Top of Dataset section

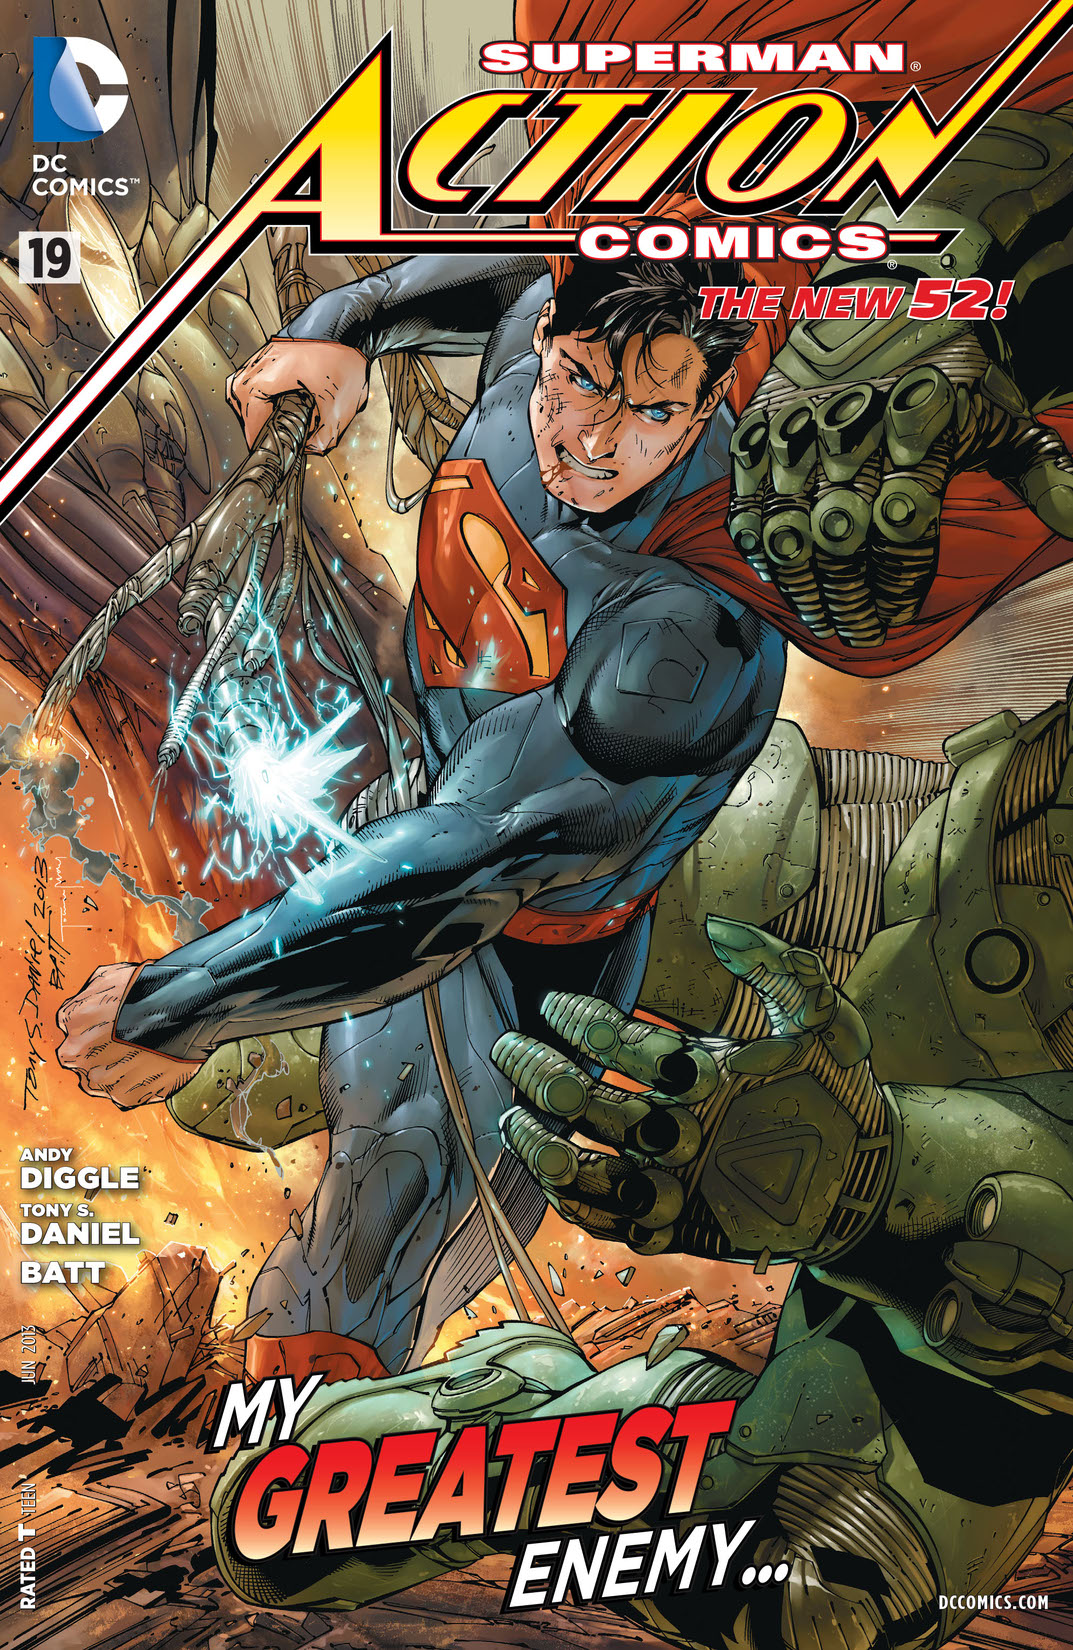 Action Comics (2011-) #19 preview images
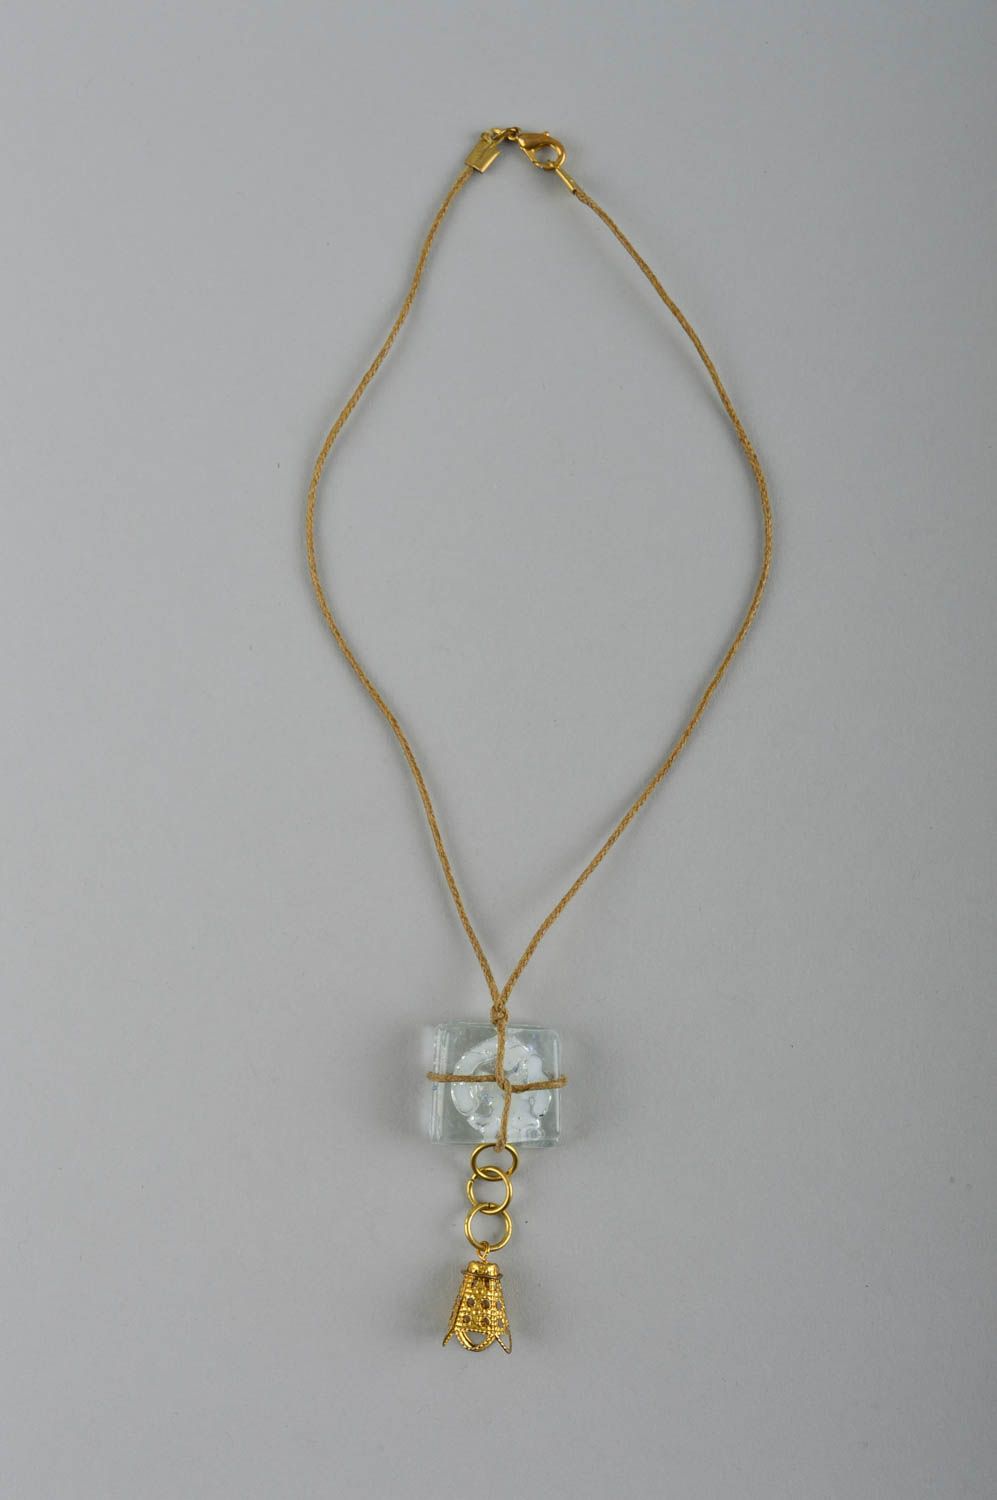 Handmade designer glass pendant unusual stylish pendant neck jewelry gift photo 3
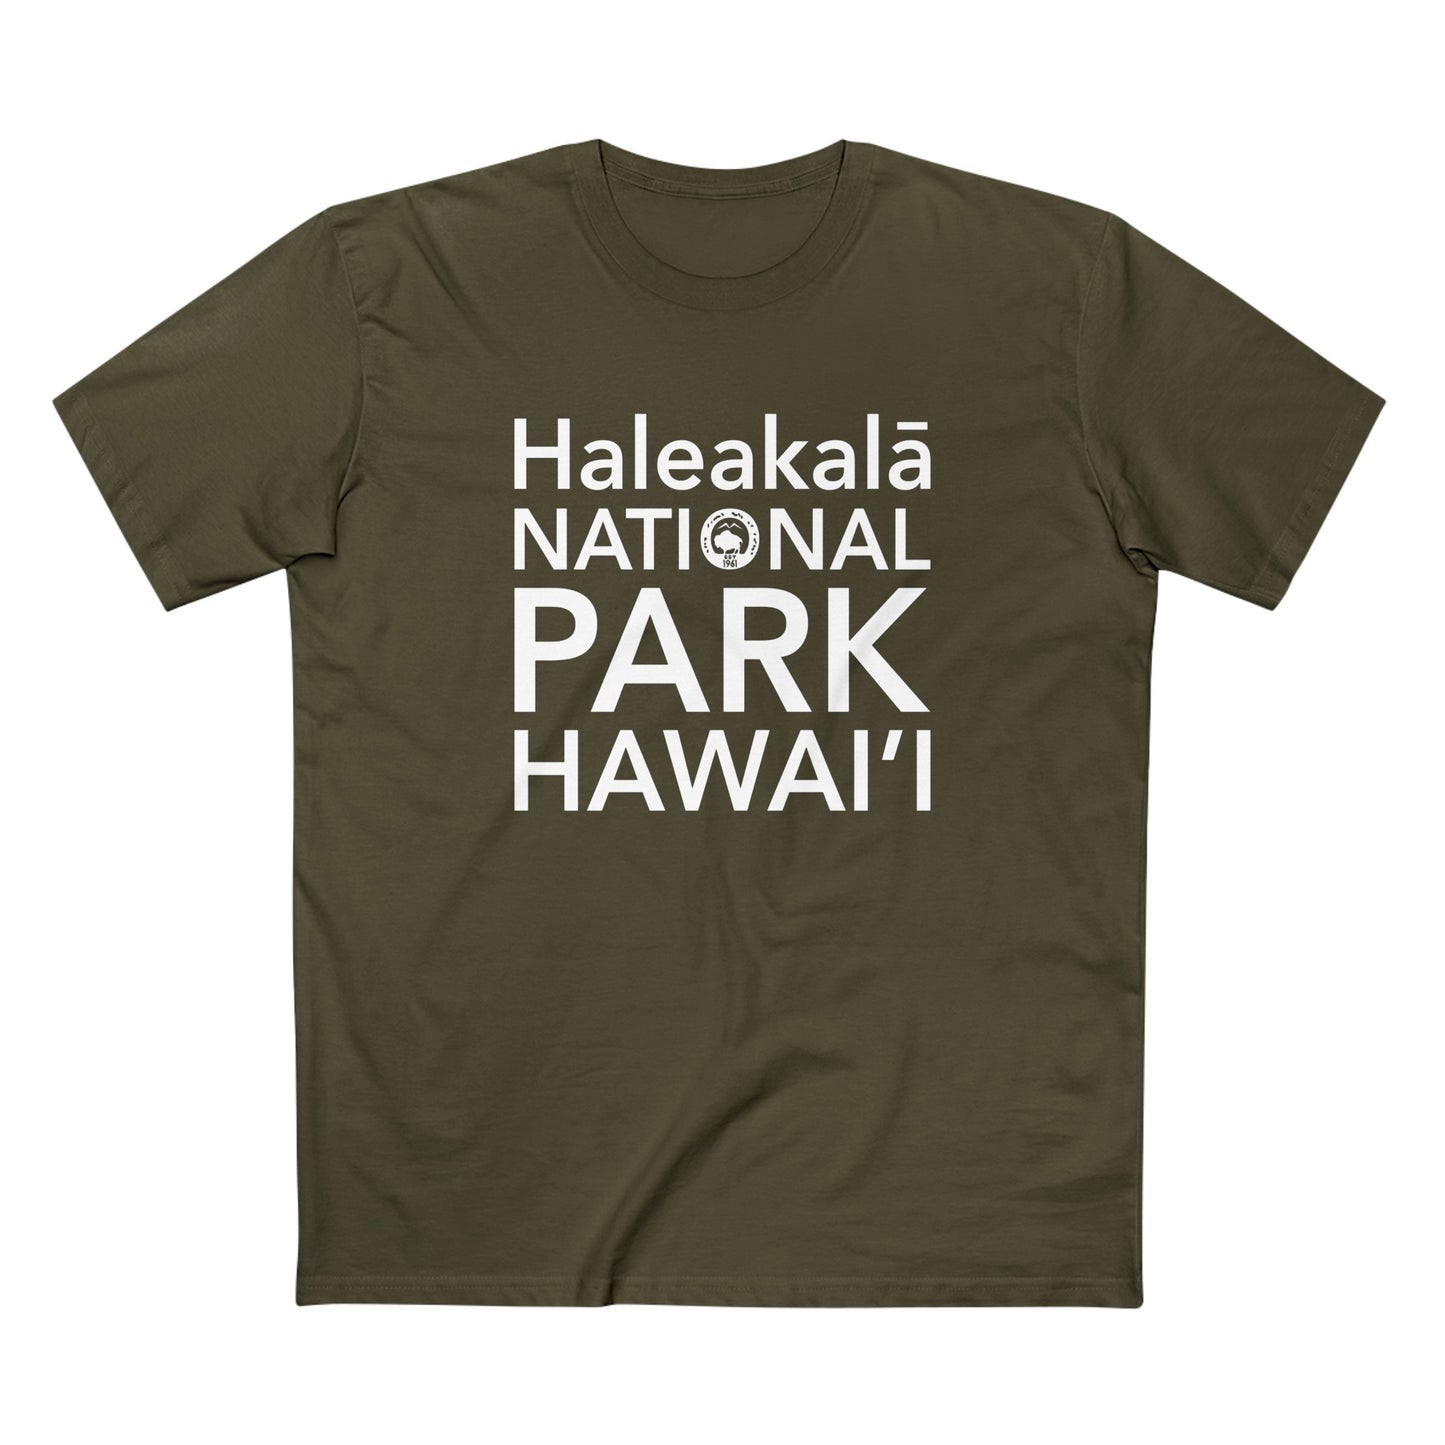 Haleakalā National Park T-Shirt Block Text

Bottom of Dataset section

## The task
Output each line above exactly as it stands, omitting the pictures.

## Written response
 Action Comics (2011-) #19 preview images
 Handmade designer glass pendant unusual stylish pendant neck jewelry gift photo 3
 Haleakalā National Park T-Shirt Block Text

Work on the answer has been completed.